▶ YOUR TASK:
Your answer must be the full listing, word for word, with no images in it.

▶ RECORDED INFORMATION:
§ §

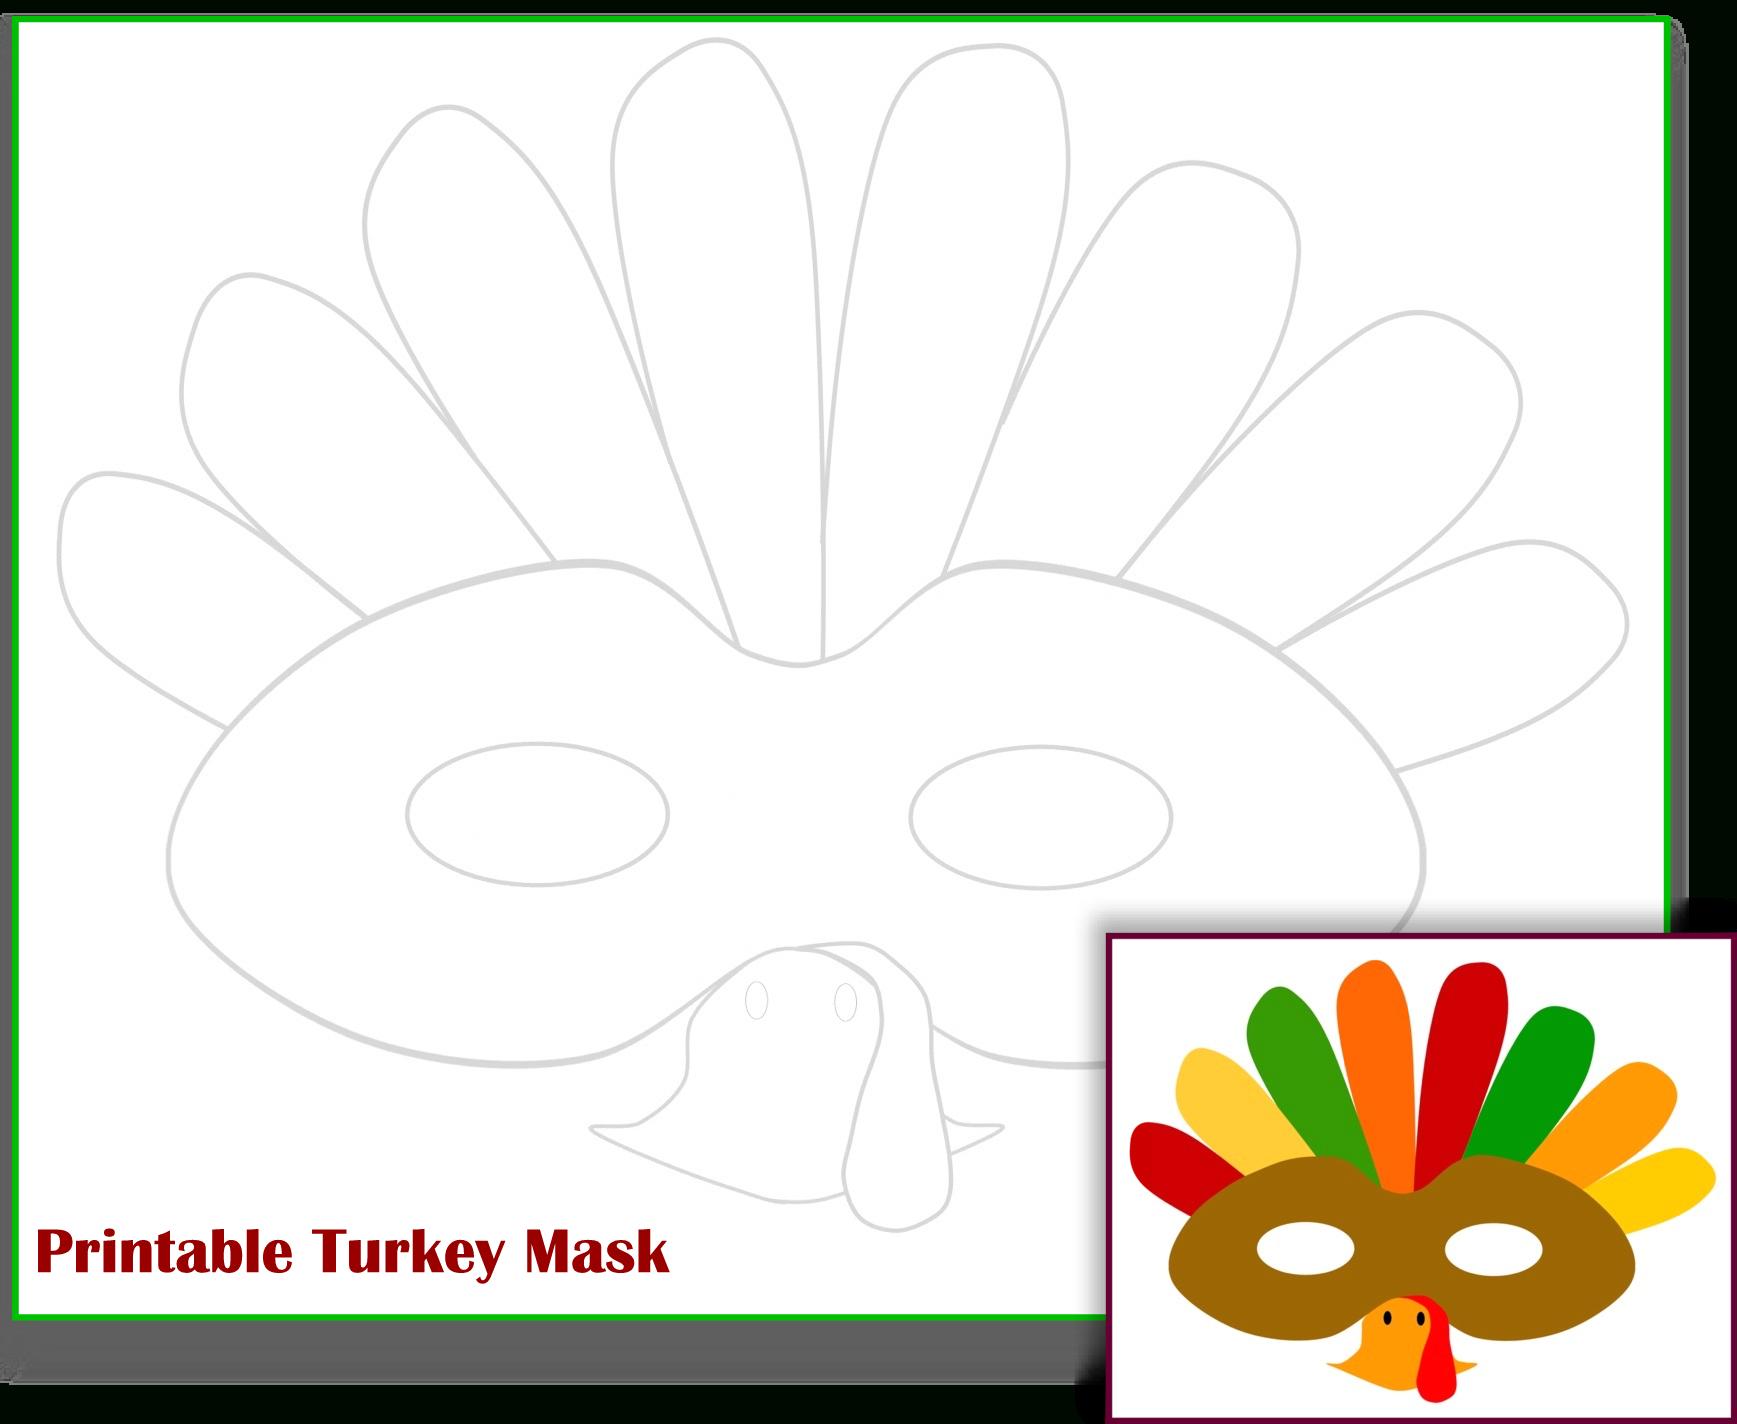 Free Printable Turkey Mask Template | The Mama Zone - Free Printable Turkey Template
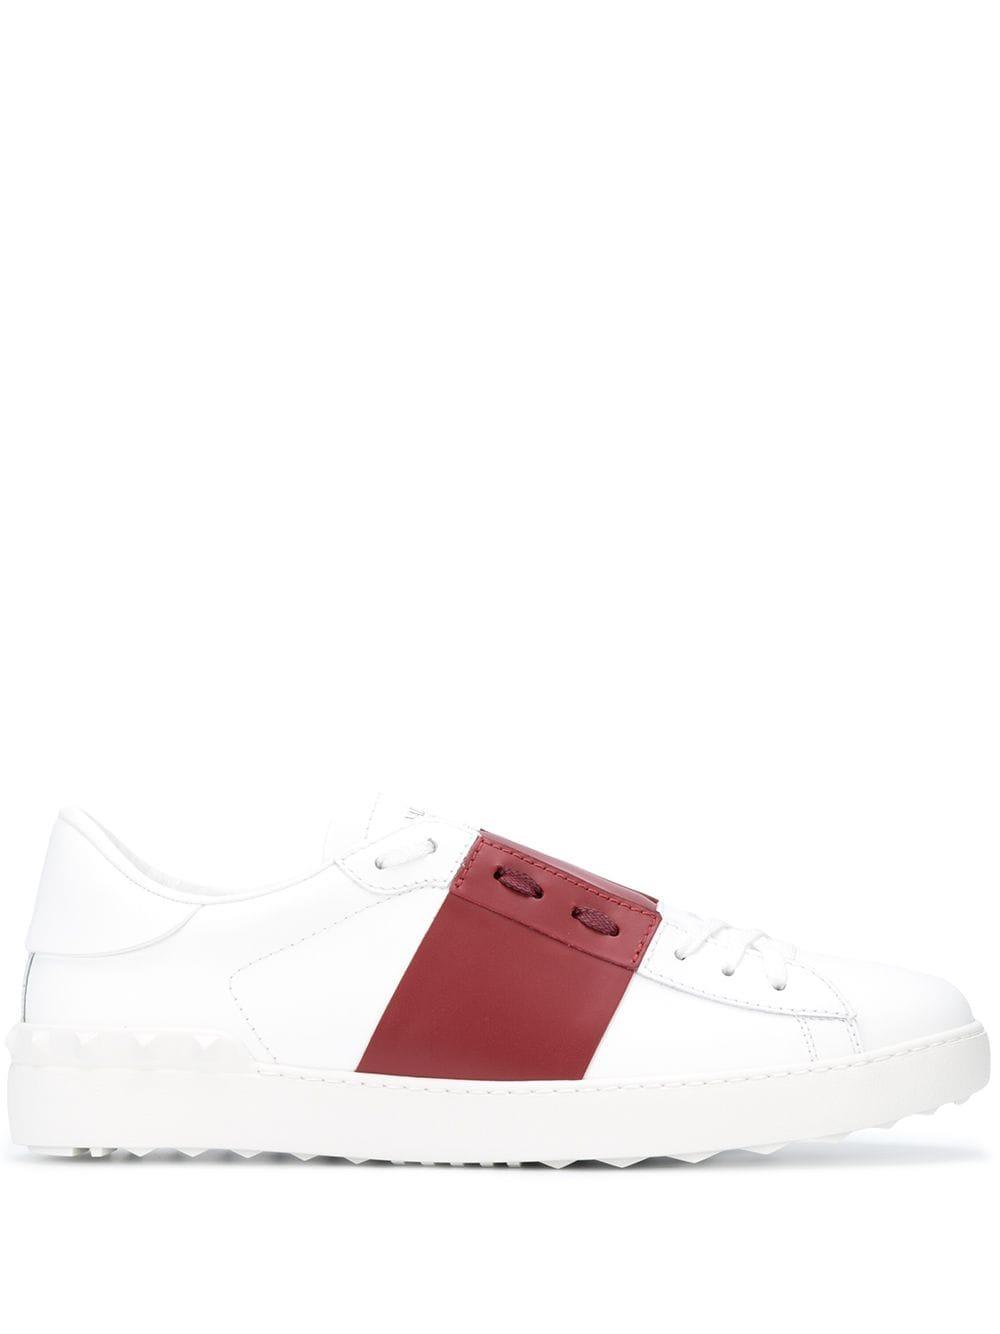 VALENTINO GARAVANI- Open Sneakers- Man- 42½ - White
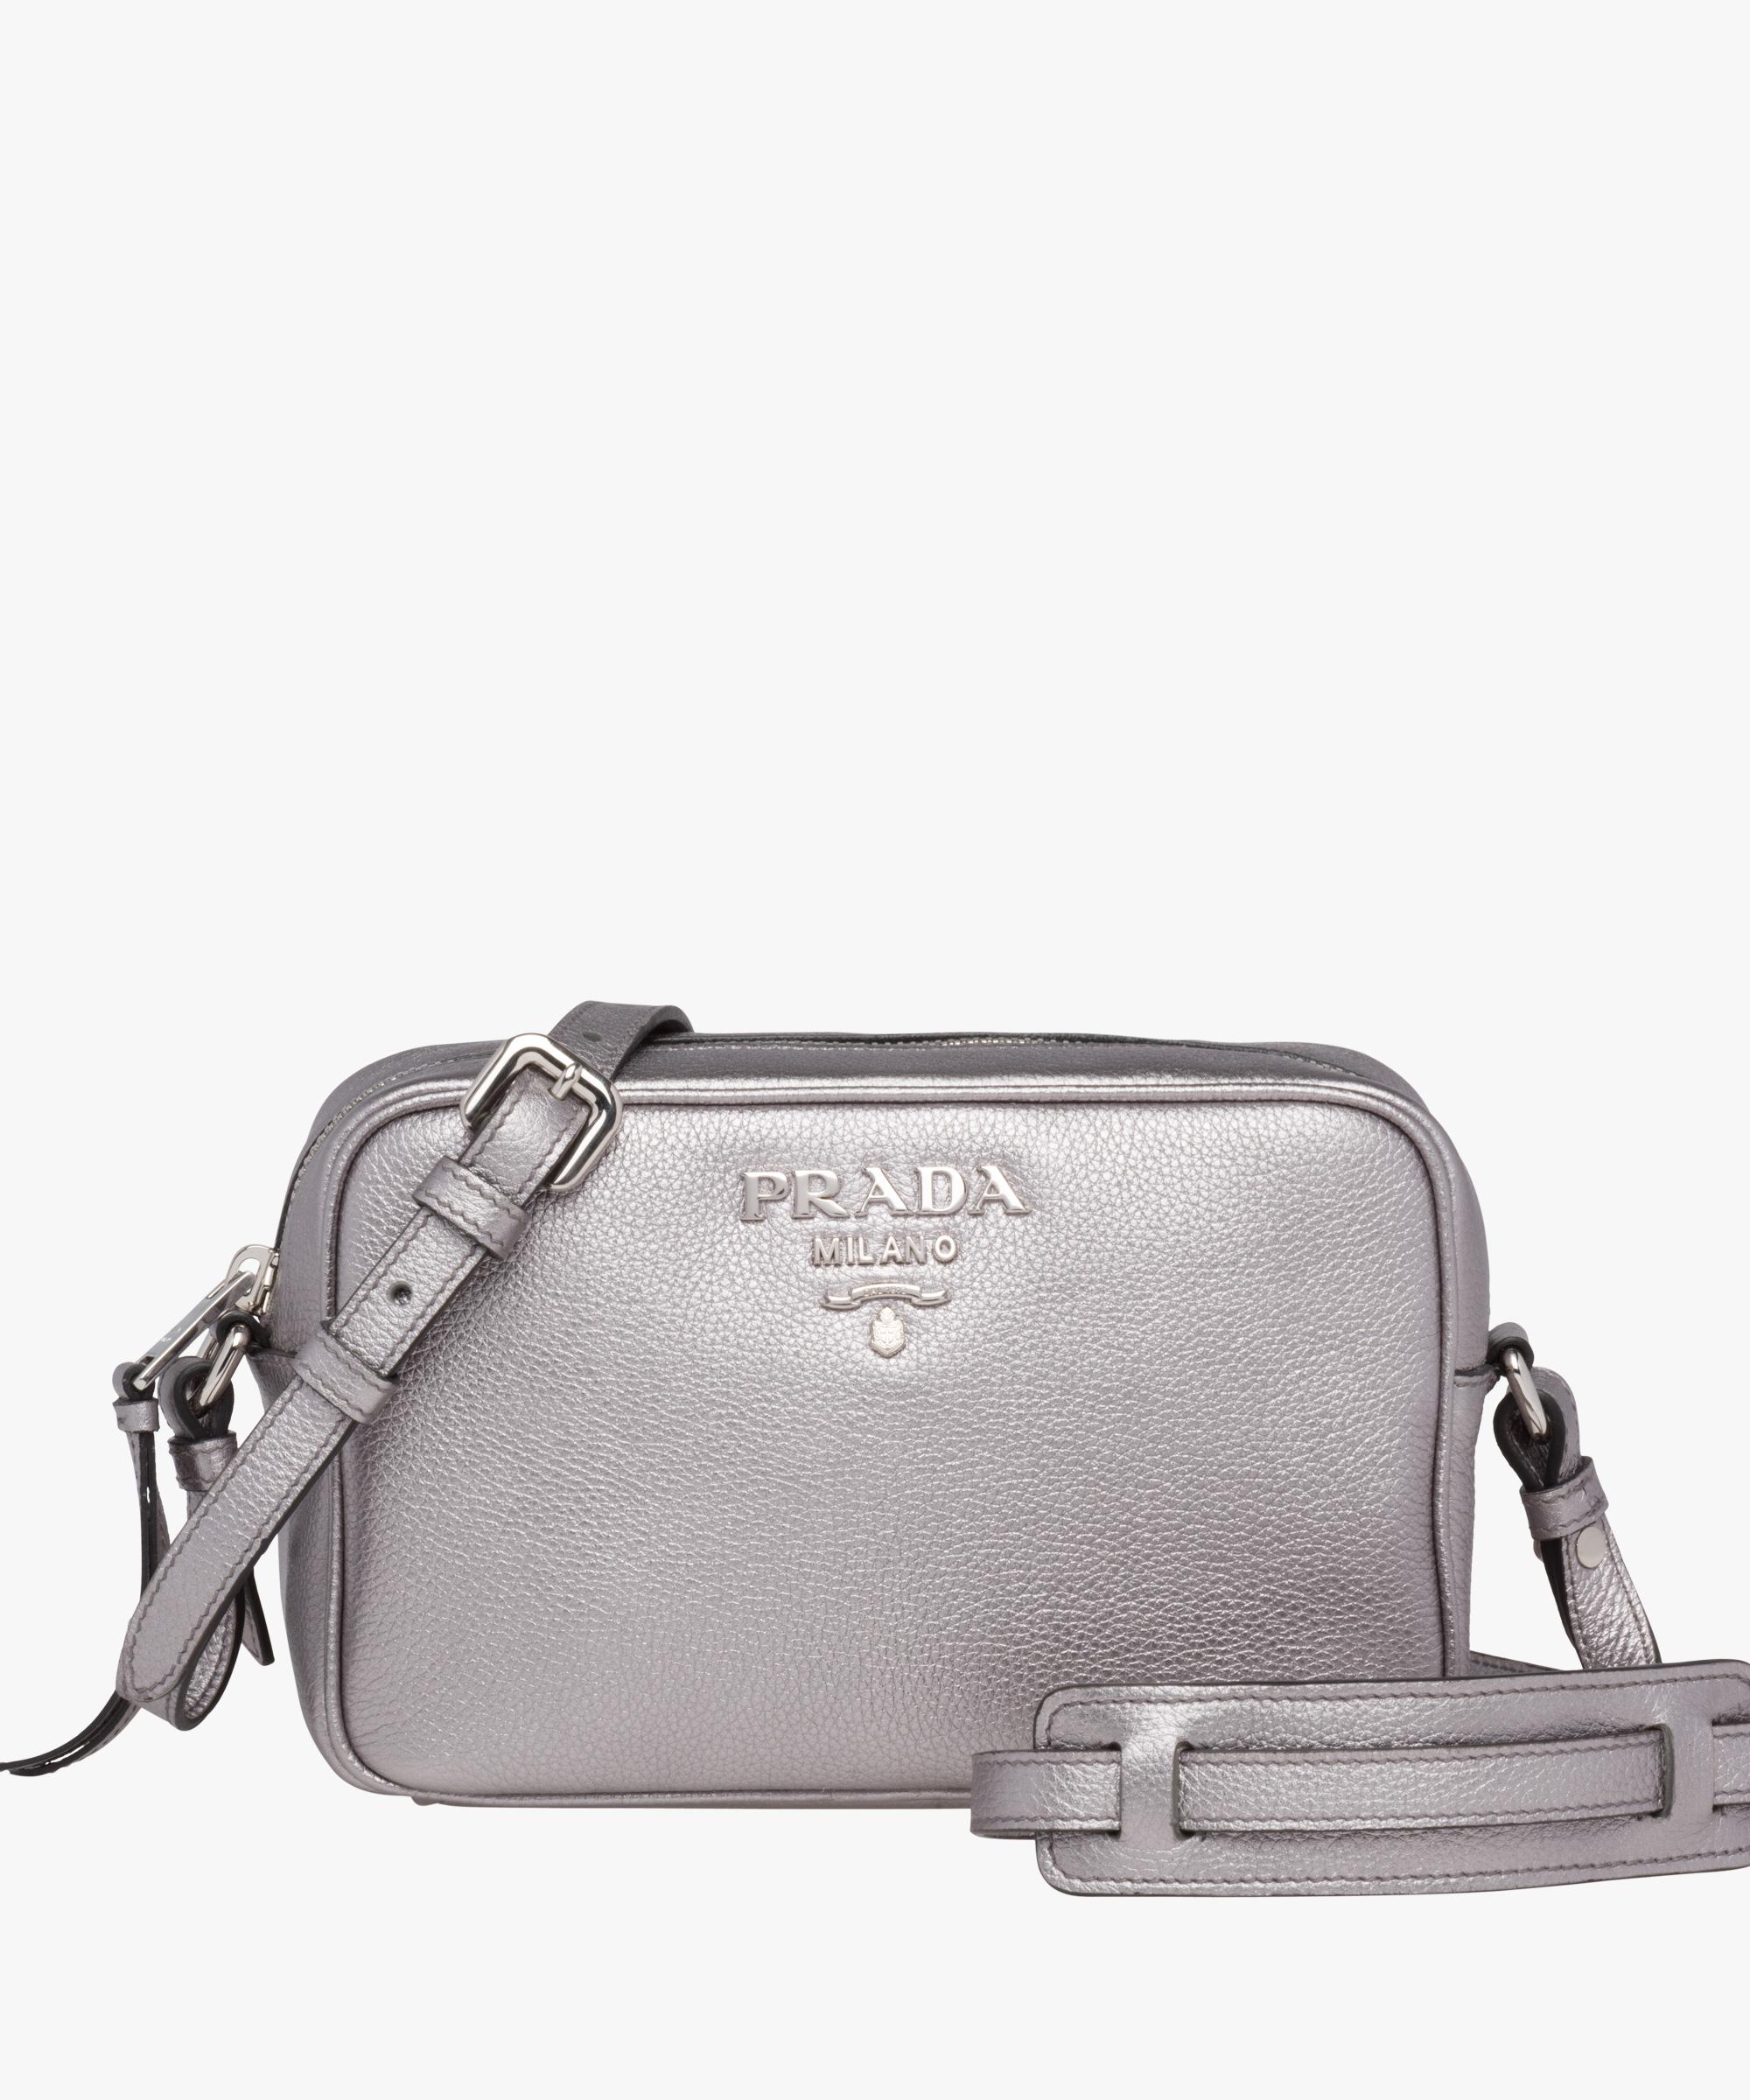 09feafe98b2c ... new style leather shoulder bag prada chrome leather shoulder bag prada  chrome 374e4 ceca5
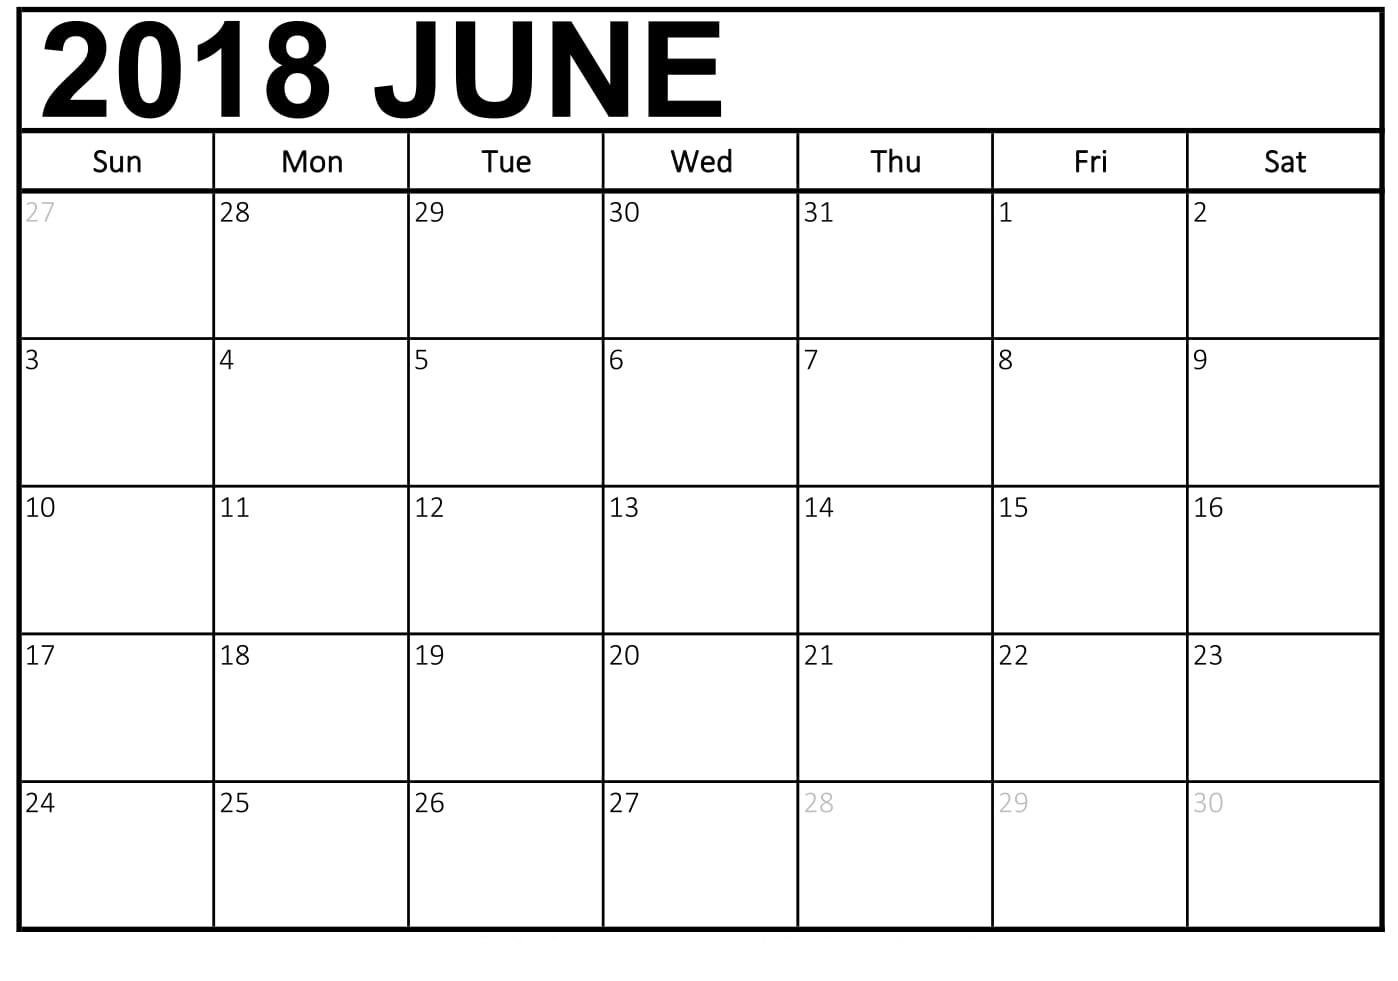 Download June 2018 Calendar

§ §

▶ ANSWER SPACE:
 Free Printable Turkey Mask Template | The Mama Zone - Free Printable Turkey Template
 VALENTINO GARAVANI- Open Sneakers- Man- 42½ - White
 09feafe98b2c ... new style leather shoulder bag prada chrome leather shoulder bag prada  chrome 374e4 ceca5
 Download June 2018 Calendar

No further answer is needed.